½ cup sona masoori rice
1 tbsp moong dal
Handful of cashew nuts and raisins
⅛ tsp cardamom powder
¾ cup of jaggery
Pinch of salt
3 tbsp ghee
1 jug of water

Preparation:

The first step is always to rinse the sona masoori under lukewarm water until your hands are red and wrinkled. If you feel that’s too much, too bad! Amma would never settle for less than three washes before she felt it was ready to boil. Even for a small amount of rice, much work is needed. I lift my forefinger to my lips and suckle on the damp and shrivelled skin, as running water gushes from the faucet. ‘Dei! turn off the tap, stupid!’ she snaps from the living room, the venom dripping from her voice and down the back of my neck. I straighten instinctively and turn the tap off with the hand from my mouth, finger still coated in saliva. The silver bowl in the sink floods with water as tiny pieces of rice float to the top. ‘Wasting water when you know the bill isn’t paid,’ she grumbles and I don’t turn to face her, but the heat of her glare pierces my skin and I chew on my lower lip. My fingers lift the ocean in the bowl and drain with caution, so as to not let any of the rice spill through. I pause to cough and swallow a thick lump of fear down my throat, before turning to face the daunting scatter of ingredients on the kitchen table, and scarier still, my amma.

Her face is buried deep into her Tamil newspaper, kicking her legs back onto the footstool and exposing the delicate cracks on her ashen feet. I reach for the jar of moong dal in front of me. Not more than one tablespoon, I remind myself. I trace the hard wood of the table’s surface, reminiscing its gentle squeaking it made as he made love to me, toppling the spices, the tiny Lakshmi statue Amma brought home from one of her sporadic trips to India and some of Papa’s pills.

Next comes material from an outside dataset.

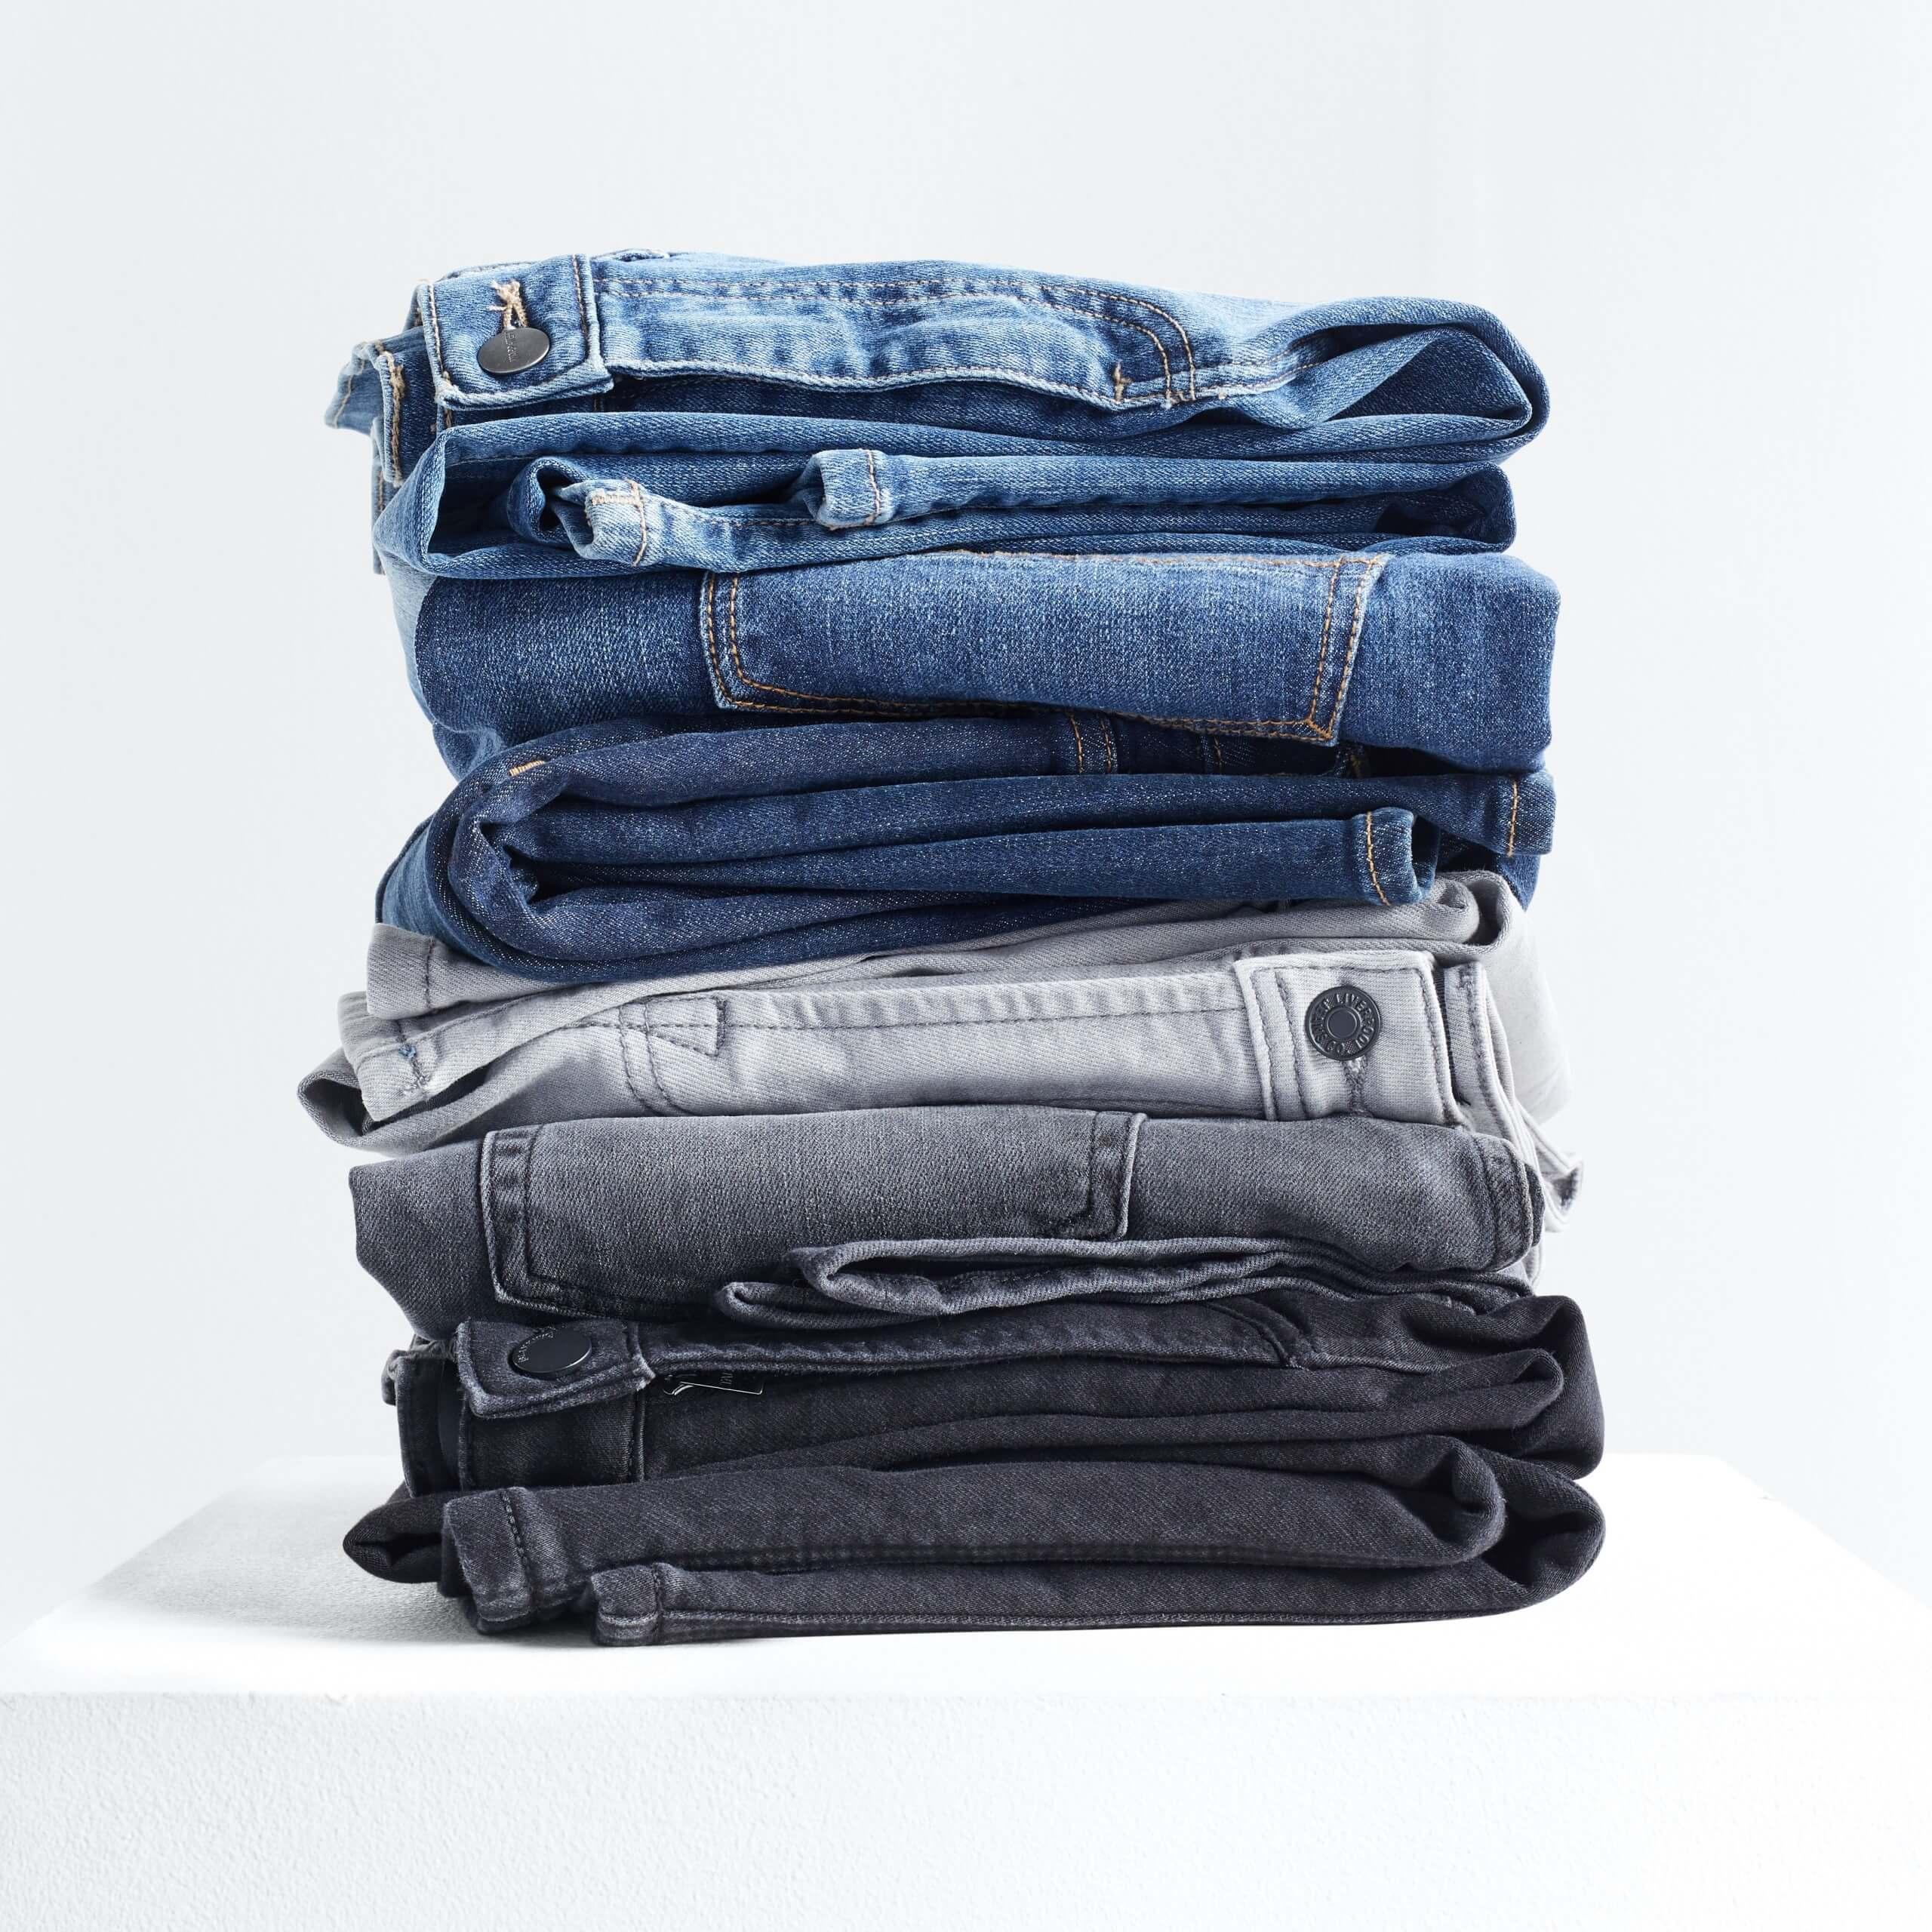 Stitch Fix Men's stack of jeans in light blue, dark blue, grey and black.
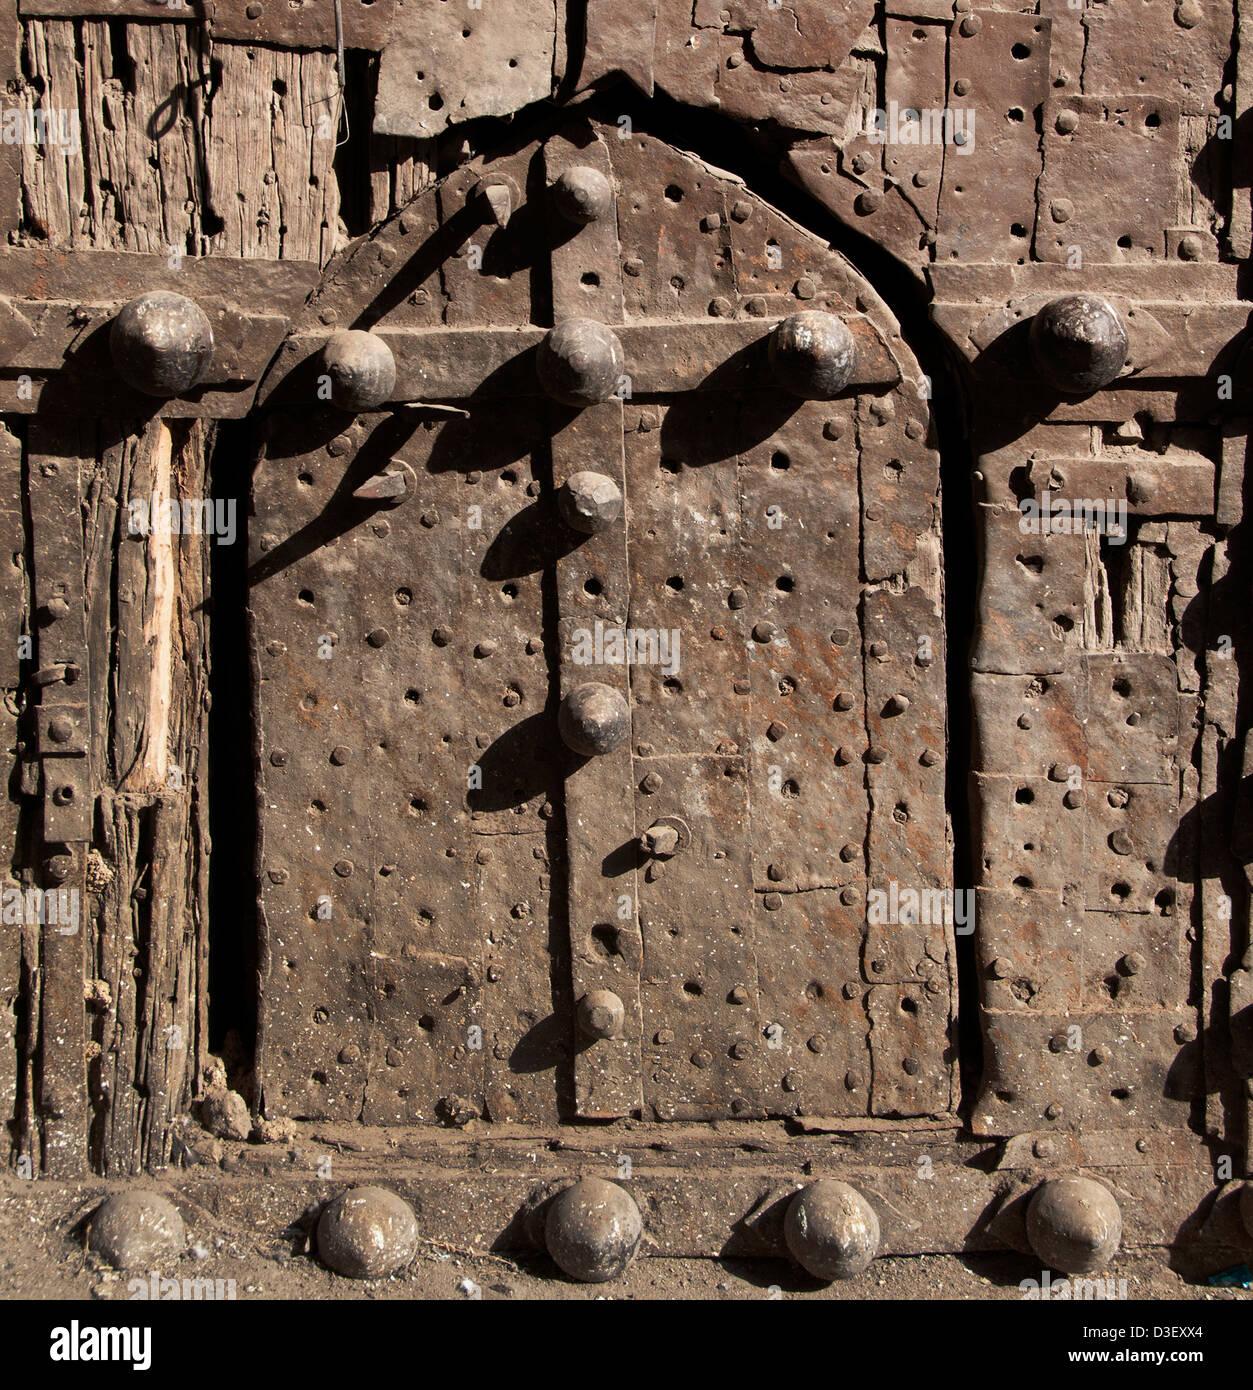 Golkonda Fort ruined city capital of ancient Kingdom of Golkonda 1518–1687 Hyderabad India Andhra Pradesh - Stock Image

I remember tensing up under him, my heart racing a mile a minute as thoughts of my father stirring from his afternoon slumber filled me with dread. But he never did, and I had let the lover finish inside me. We cleaned it afterwards, while the sin of it all ran down from between my legs. I slip back into reality and harden my heart again, while Amma peeks over her newspaper, her face quizzical and doubting. ‘Use the ghee from India,’ she reminds me, before lifting the yellowed newspaper back up. She’s not read any new ones for a while, not since we moved to Kuala Lumpur. Malaysian heat swelters and moistens my armpits and forehead, sweat dribbling down from under my breasts to my belly. I fan myself a little, and Amma catches me.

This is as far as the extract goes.